И тут Оленьку прорвало. Она говорила, и ей стало казаться, что никакая это не Иосифова харизма, просто встретила человека, попутчика в вагоне поезда, вывалит ему сейчас все, чужой же, не страшно. Иосиф слушал не перебивая. Она говорила о том, что — да, боится выше головы не прыгнуть, боится выглядеть в глазах главного редактора никчемной, боится, что не заинтересует его по-настоящему, боится, что не потянет его, боится этого неравенства (но именно оно и покоряет, заметил Иосиф). Еще она боится менять устоявшуюся жизнь, боится уйти в никуда, боится не выжить вдвоем со Степой, боится Вовкиных глаз, когда она скажет, что уходит, что забирает ребенка.

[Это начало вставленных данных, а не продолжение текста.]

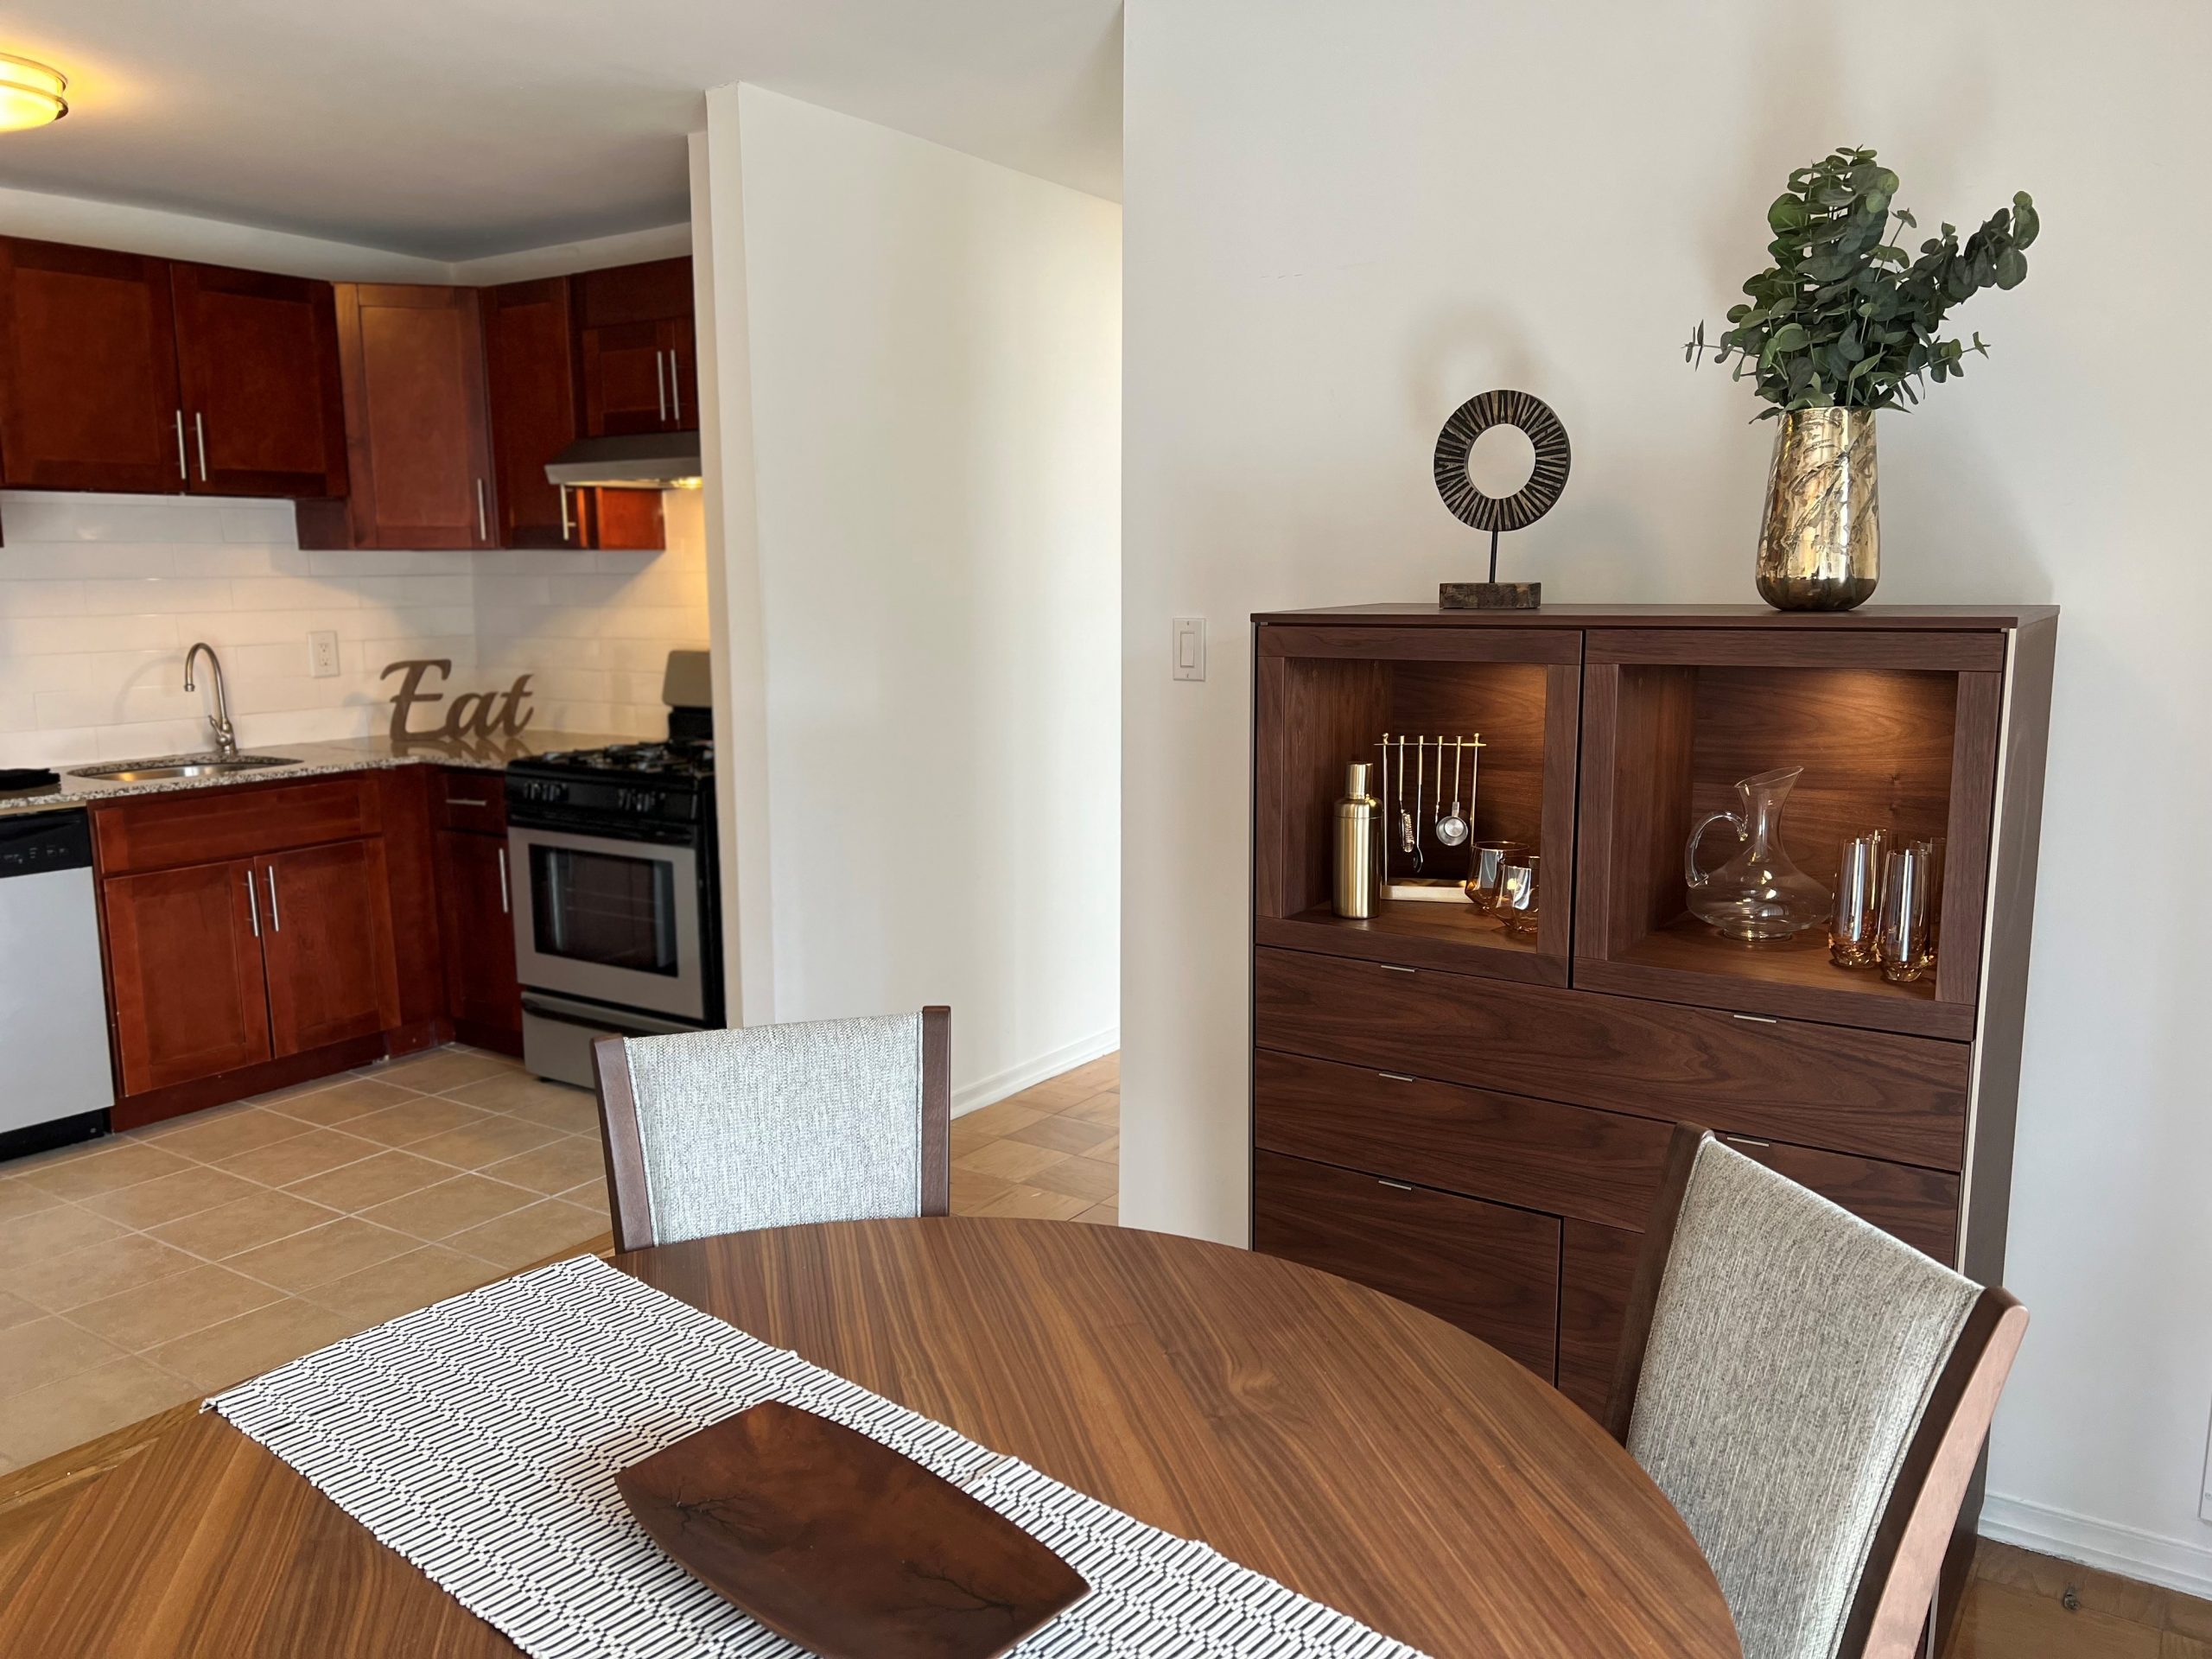 Newly Renovated Apartments are now available, contact the Leasing Office for more information

Боится, что все останется по-прежнему, что никуда не уйдет, что еще сто лет за окном будет гореть зелеными буквами слово «аптека» наизнанку, а все потому, что ей страшно делать резкие движения, потому что до таких, как Нико, ей как до неба, потому что ей скоро тридцать лет, а жизнь все такая же маленькая, мелкая такая жизнь, когда же конец этому будет?
Пока она говорила, вошла Алена, села в кресло. Оленька скосила глаза: нет, Алена не злилась, она чесала сонного Свинтуса, будто даже и не слушала.
— Смелости мне не хватает, вот что.
Иосиф молчал, думал. Алена хмыкнула:
— Мы ведь уже говорили с тобой об этом. Тебе не смелости, тебе храбрости не хватает.
— Это не одно и то же?
Алена повела плечом:
— По-моему, так нет. Смелость — это когда вперед идешь и страх за пазухой держишь, глаза ему закрываешь, чтобы куда шагаешь, не знал. А храбрость — это… мужество. Я просто не люблю слово «мужество», некорректное оно, — Алена улыбнулась, кинула взгляд на Иосифа. — Храбрость — это когда ты не отступаешь. На тебя жизнь валится со всеми своими прелестями, а ты стоишь. И даже вроде как улыбаешься. Так, Ося?
Иосиф не ответил.
— Оля, семь лет назад мне в машину дальнобойщик въехал. Я три года себя собирал, учился ходить и не бояться тоже учился. Знаешь, как страшно было? Мама не горюй. Как вообразишь, что кто-то всю оставшуюся жизнь будет судно таскать за тобой, — так хоть в петлю. Мало того: ты знать не знаешь, кто это будет делать, потому что не имеешь права требовать этого даже от близких. Близкие, они ведь тоже жить хотят. И тут уже не страх, тут такой ужас накатывает, что с ним только на равных говорить надо — задушит иначе. Храбрость… да, пожалуй.